May 26, 2006 / 55(20);563-564

Update: Fusarium Keratitis --- United States, 2005--2006

On May 19, this report was posted as an MMWR Dispatch on the MMWR

website (http://www.cdc.gov/mmwr).

In April 2006, CDC reported on an ongoing multistate investigation of

Fusarium keratitis occurring predominantly among contact lens wearers

(1). This update summarizes epidemiologic developments in this

investigation, which indicate an association with Bausch & Lomb's ReNu

with MoistureLoc® contact lens solution.

Fusarium keratitis is a fungal infection of the cornea, preceded

usually by trauma to the eye. Although not a notifiable disease, the

infection is thought to be rare among contact lens wearers in

temperate climates (2). Fusarium keratitis is treated with antifungal

medication but can be severe and sometimes result in vision loss and

the need for corneal transplantation (3).

As of May 18, 2006, CDC had received reports of 130 confirmed cases of

Fusarium keratitis infection, defined as clinically consistent fungal

keratitis with symptom onset after June 1, 2005, no history of recent

ocular trauma, and a corneal culture yielding a Fusarium species.

Cases have been reported from 26 states and one territory.* Patients

had a median age of 41 years (range: 12--83 years), and 85 of 127

(67%) were female. As a result of this infection, corneal

transplantation was required in 37 of 120 (31%) cases.

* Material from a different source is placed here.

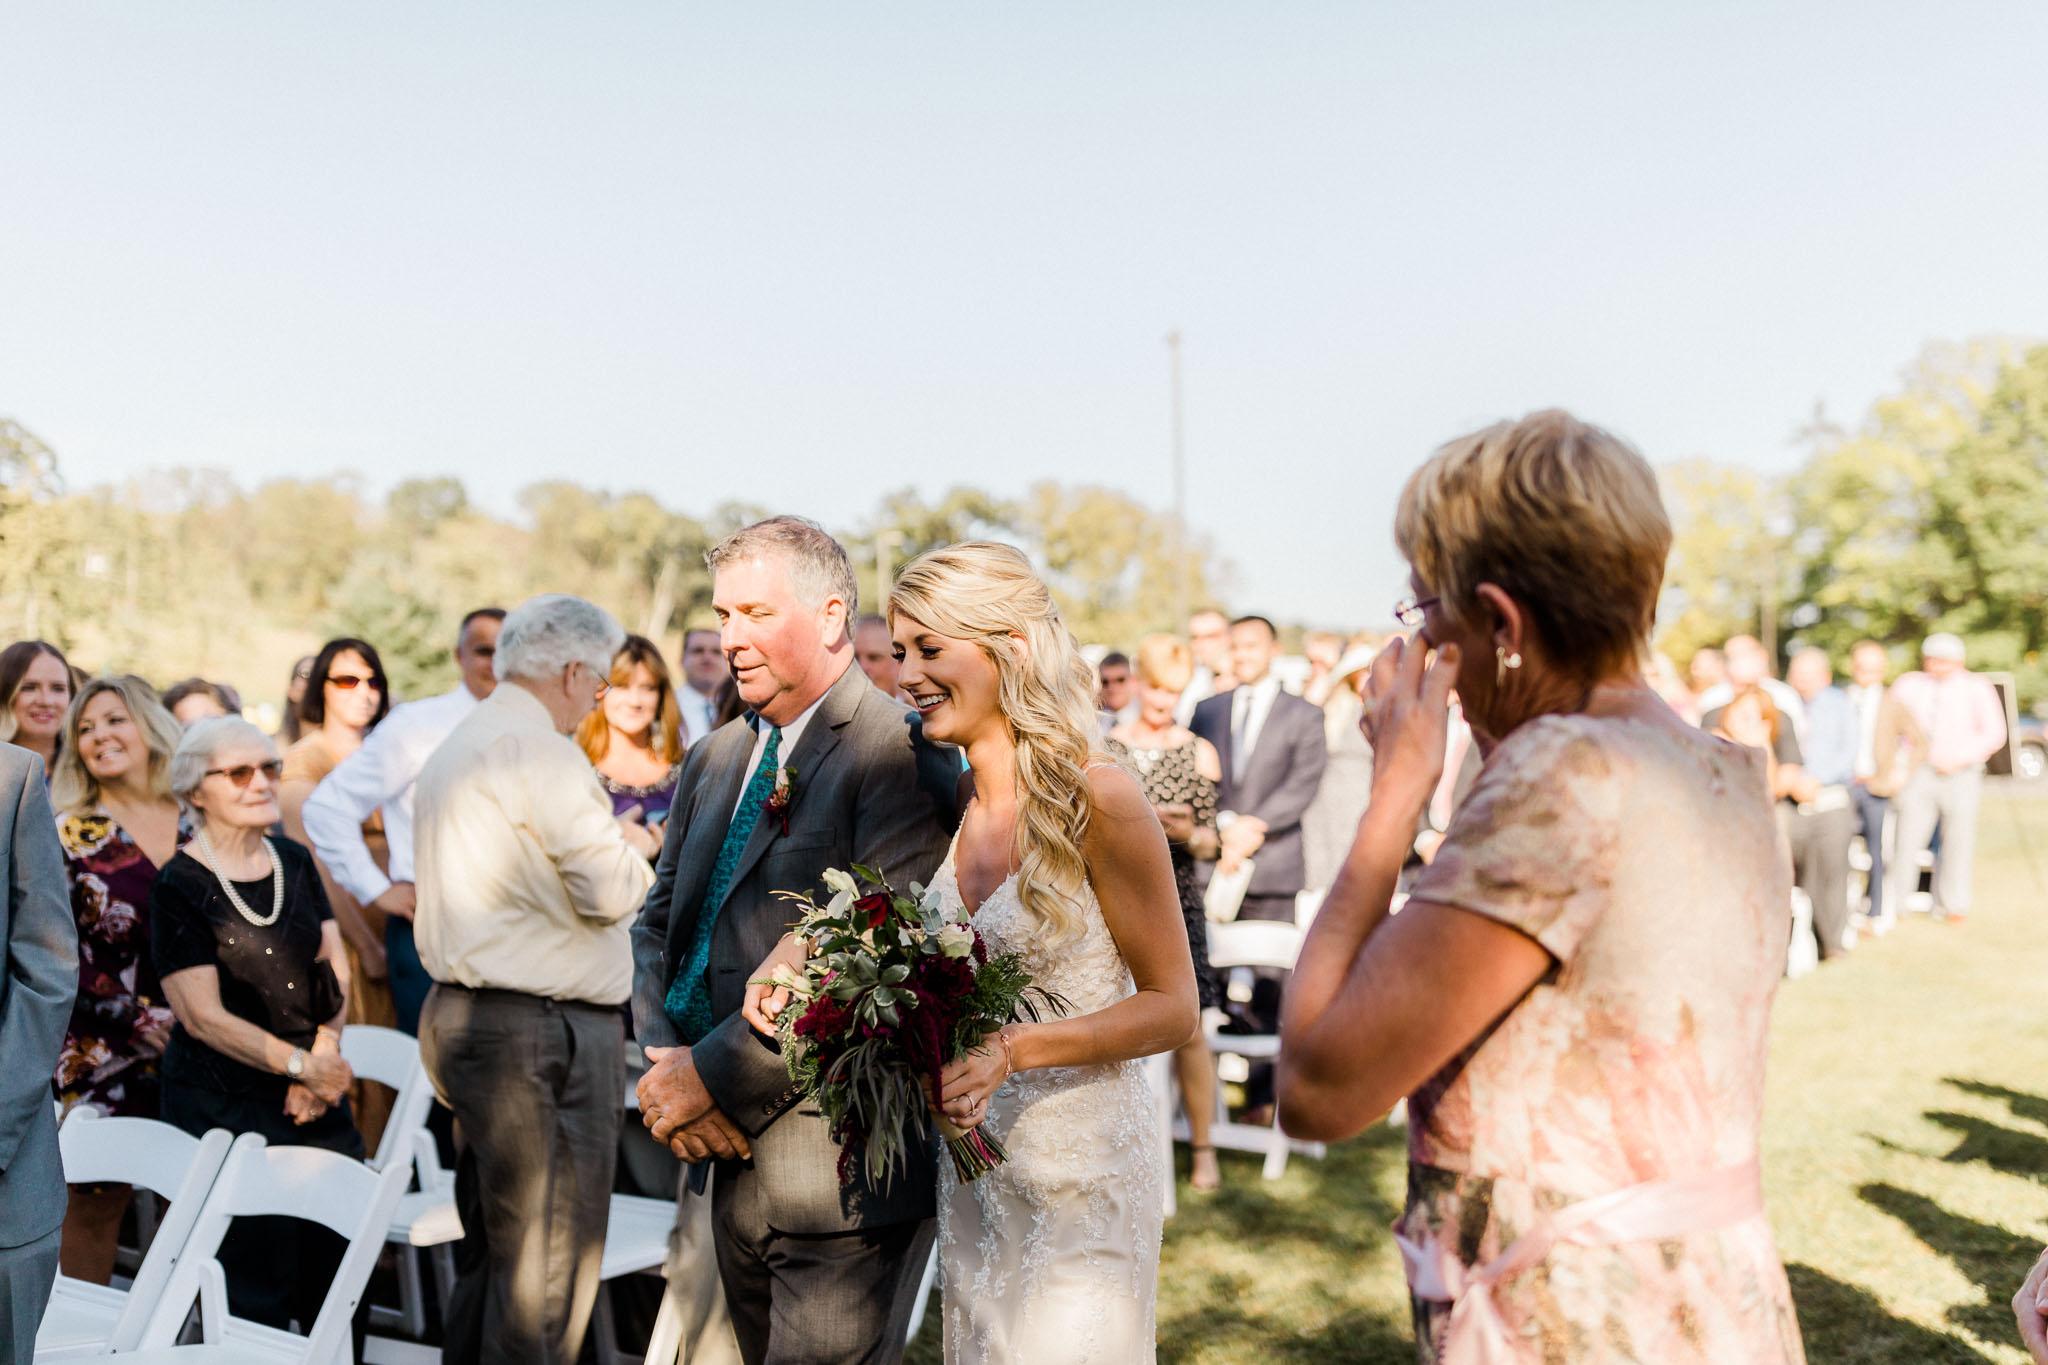 Frosty-Valley-September-Wedding-7748.jpg

Among the 130 patients with confirmed cases, 125 reported wearing

contact lenses, and 118 were able to identify which contact lens

solution(s) they had used during the month before onset of infection.

Seventy-five (64%) reported using Bausch & Lomb's ReNu with

MoistureLoc alone, 14 (12%) reported using MoistureLoc in combination

with another product, eight (7%) reported using an unspecified Bausch

& Lomb solution, and 21 (18%) reported using only products other than

MoistureLoc, from various manufacturers. Ongoing surveillance

continues to identify persons who used MoistureLoc and had disease

onset after April 13, when Bausch & Lomb withdrew this product from

the market in the United States.

In April, a subset of confirmed case-patients who were soft contact

lens wearers and aged >18 years was enrolled in a matched case-control

investigation to evaluate risk factors for infection. To avoid

potential bias from media coverage on case-patient responses, this

subset was limited to those patients reported to CDC before online

publication of the initial MMWR Dispatch on April 10.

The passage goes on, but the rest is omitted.